DATA BELOW:
►

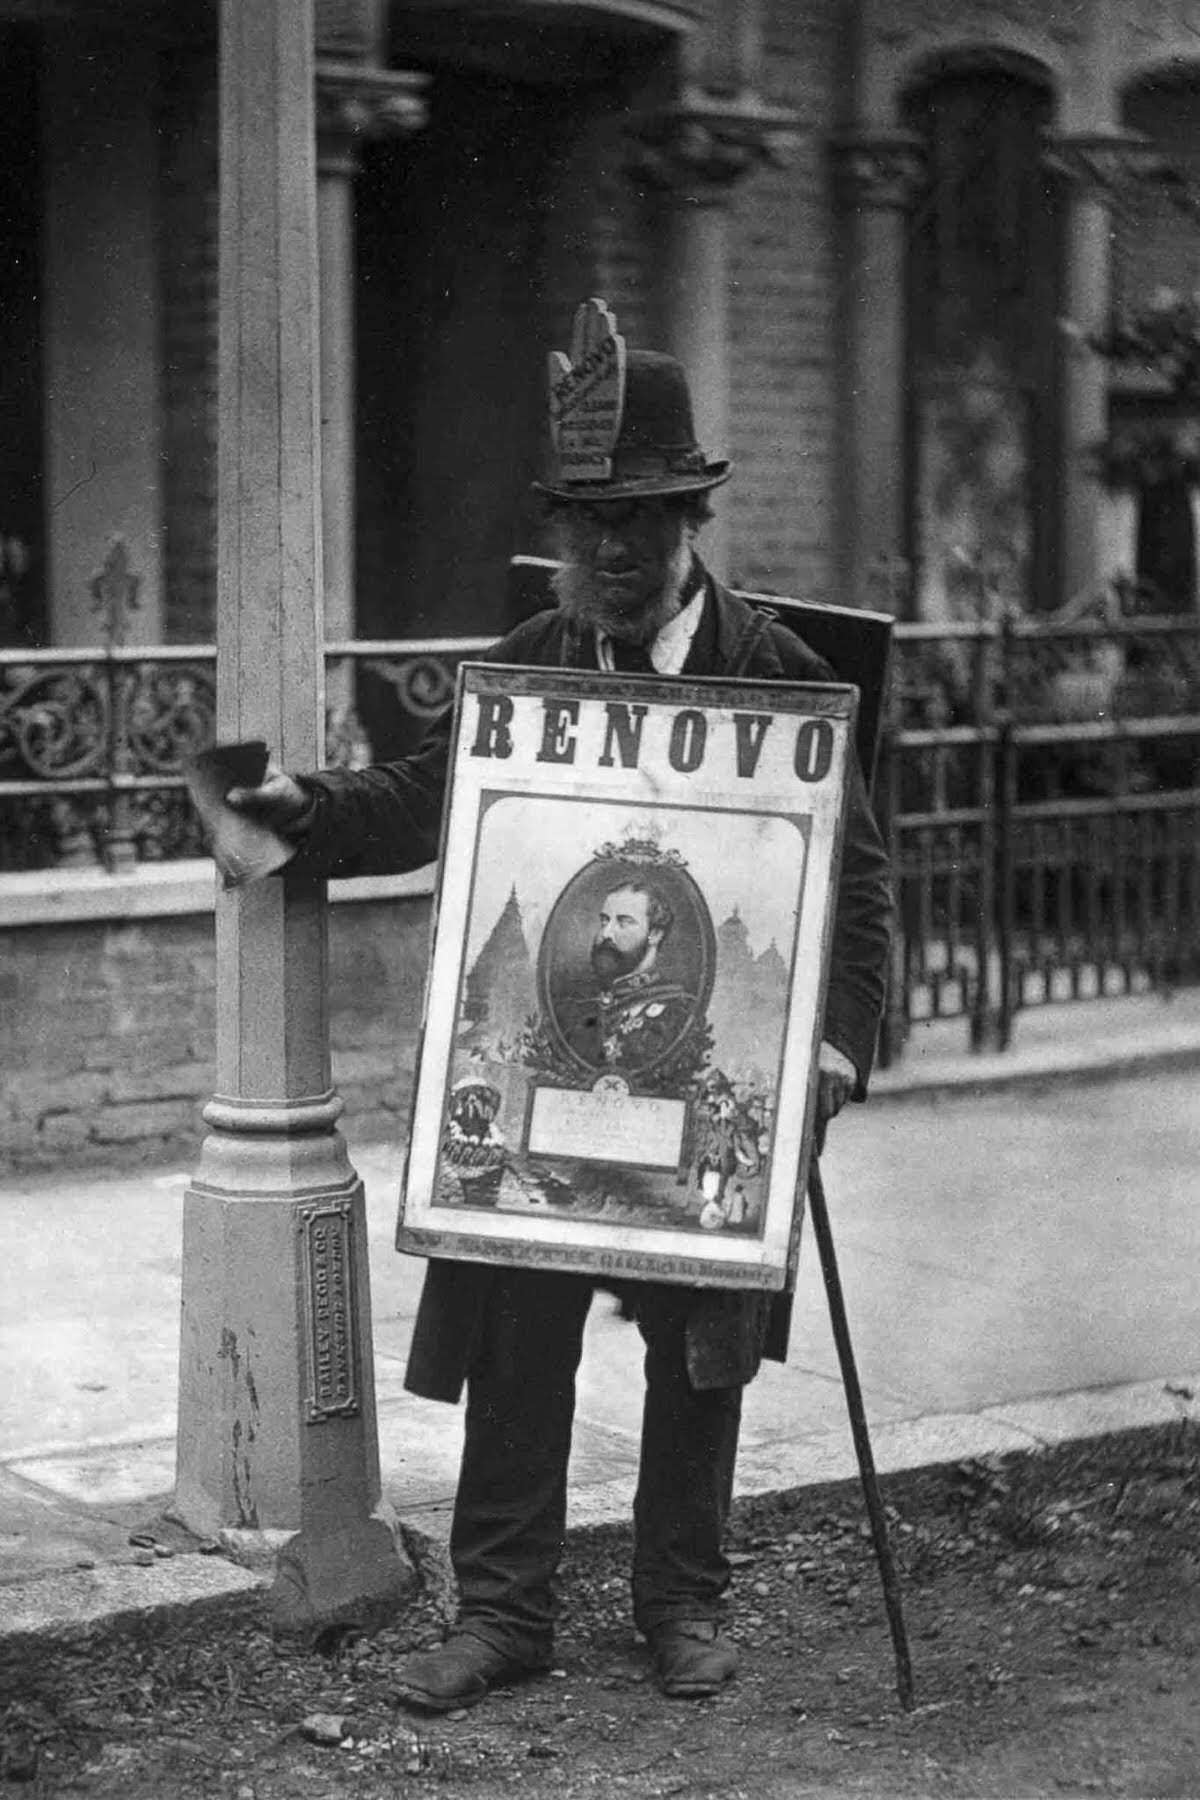 A man wears a sandwich-board advertisement, 1877.
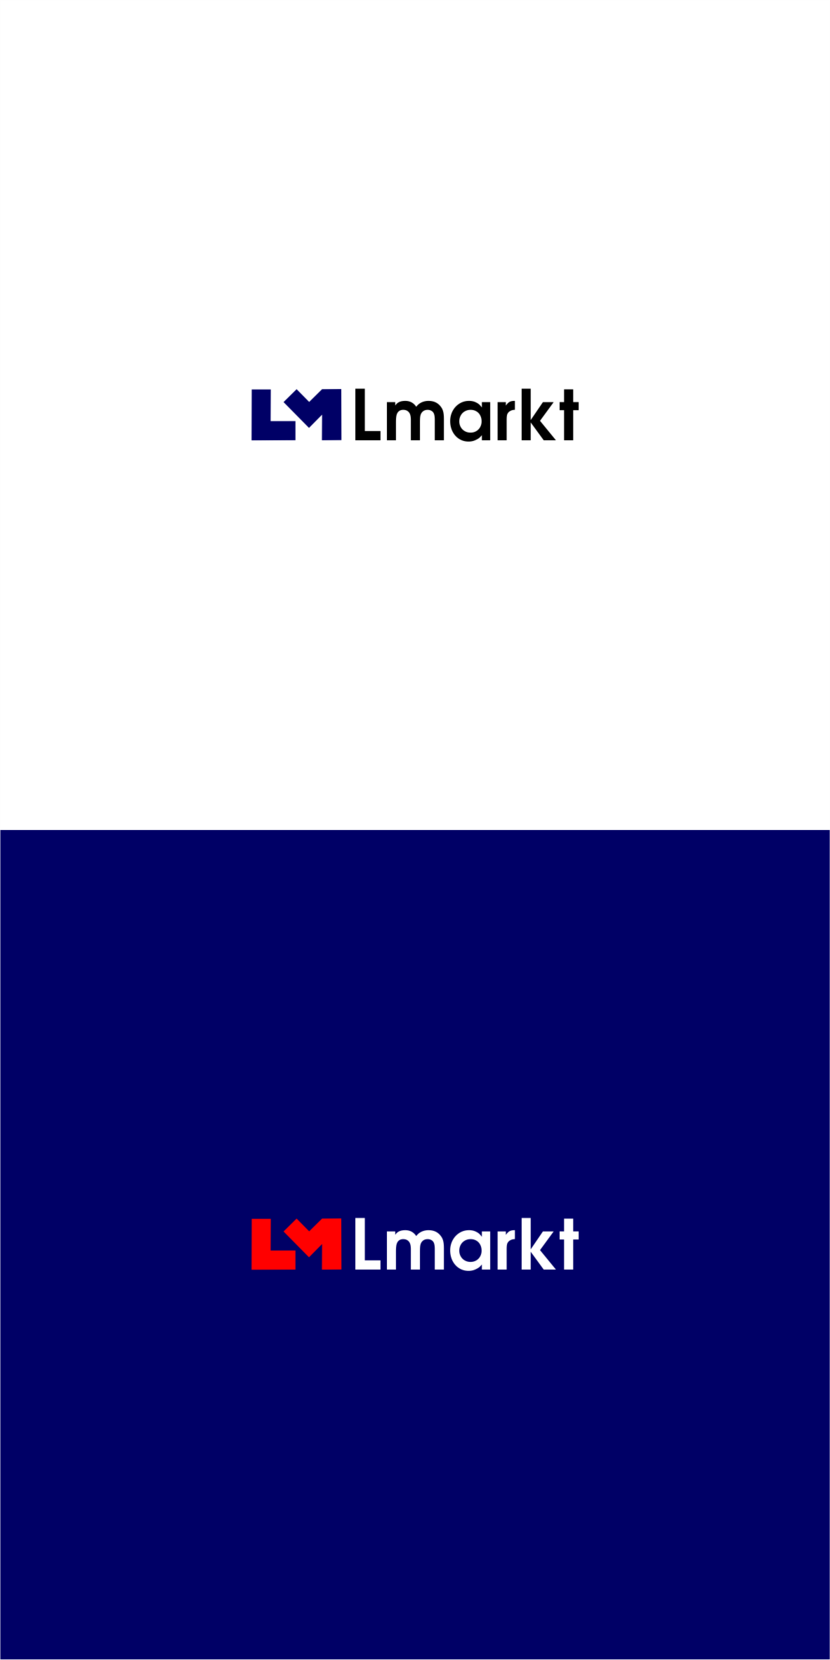 2 - Создание логотипа для маркетплейса
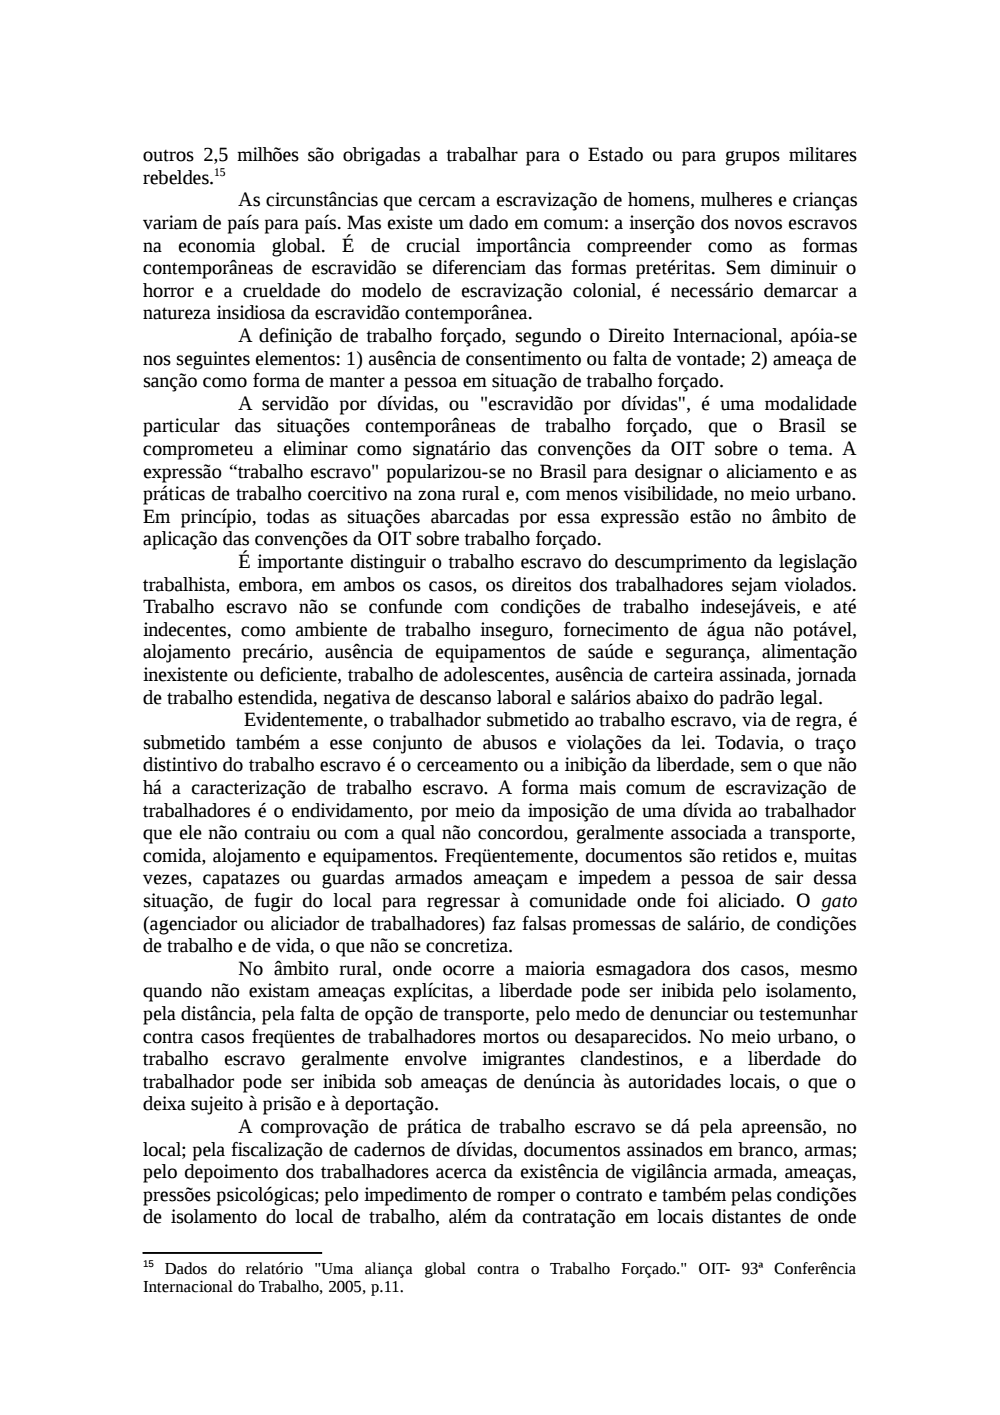 Page 43 from Relatório final da comissão
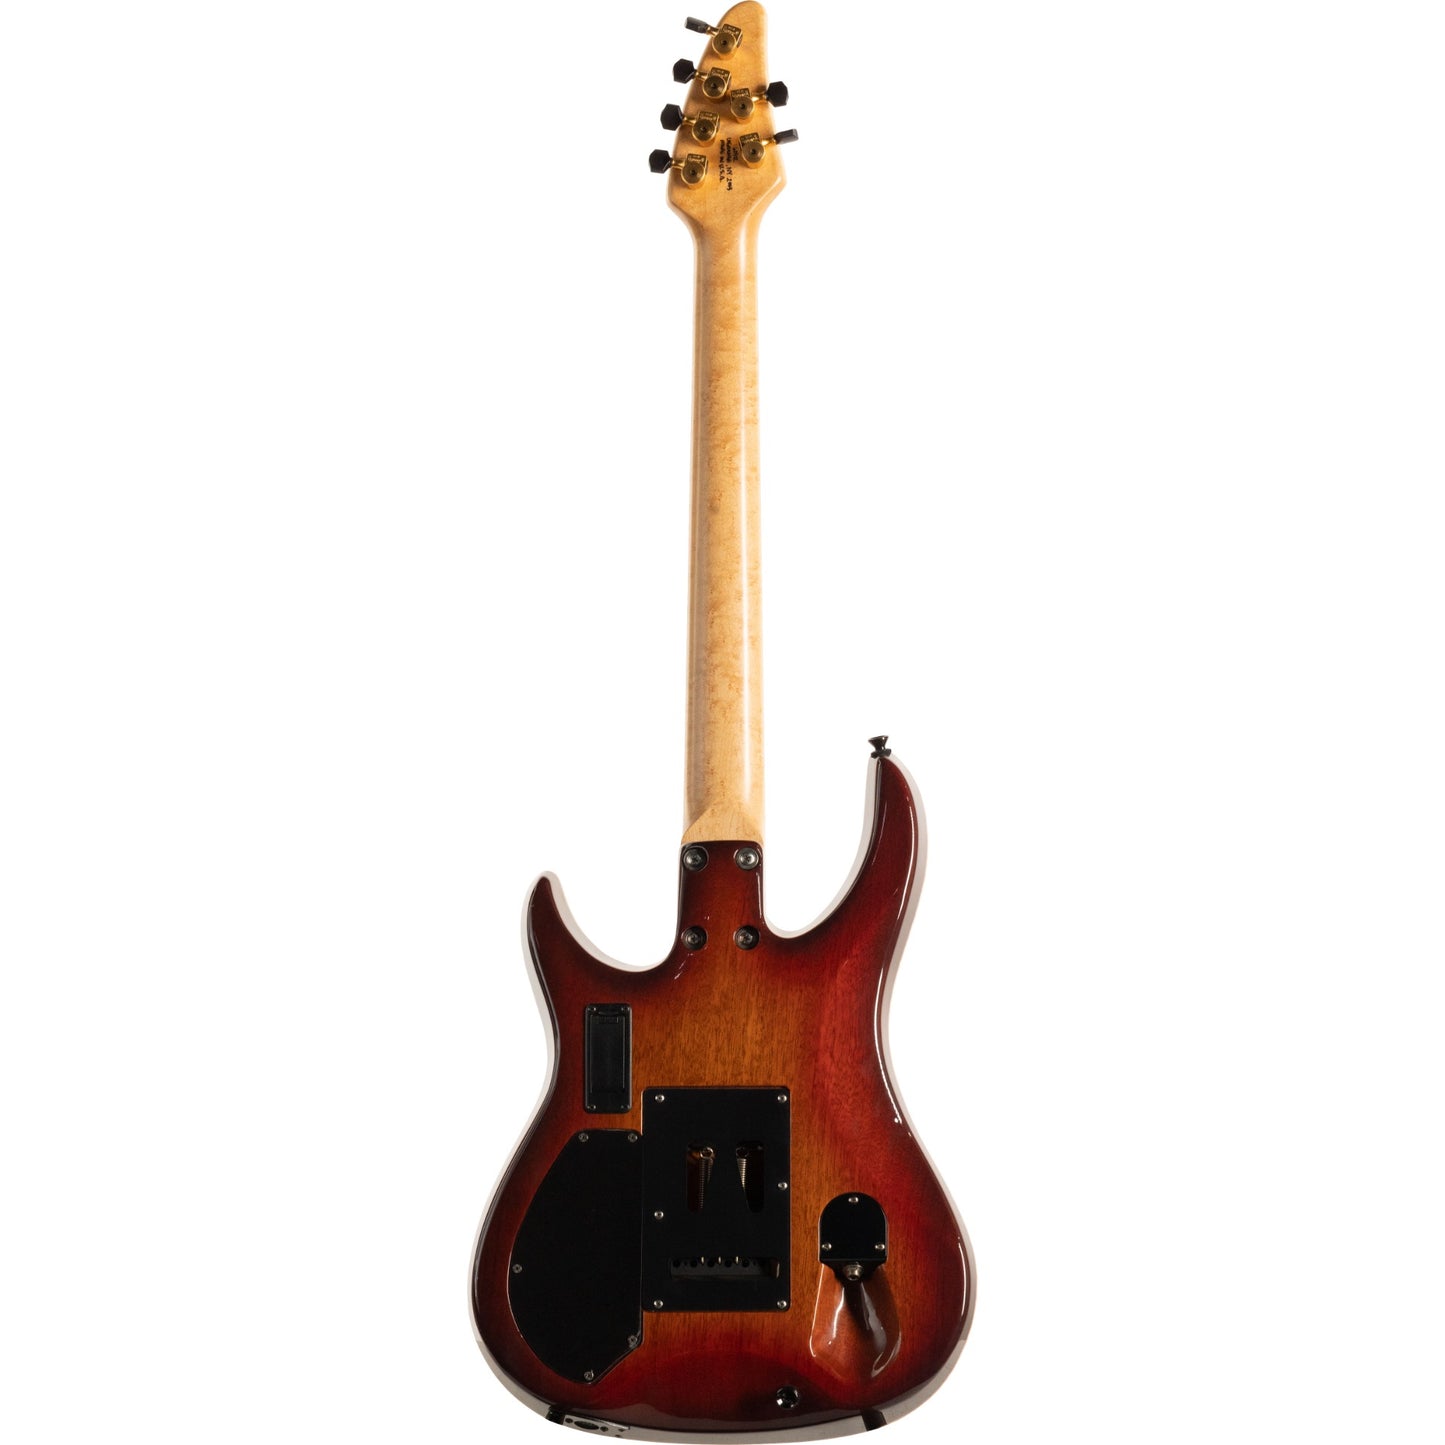 Brian Moore Custom C90p.13 Electric Guitar

◄

WHAT YOU NEED TO DO: Starting with the line that holds "2 - Создание логотипа для маркетплейса", reproduce exactly each line up to and including the last line of the material above, and drop the pictures.

ANSWER AREA:
 2 - Создание логотипа для маркетплейса
 Page 43 from Relatório final da comissão
 Brian Moore Custom C90p.13 Electric Guitar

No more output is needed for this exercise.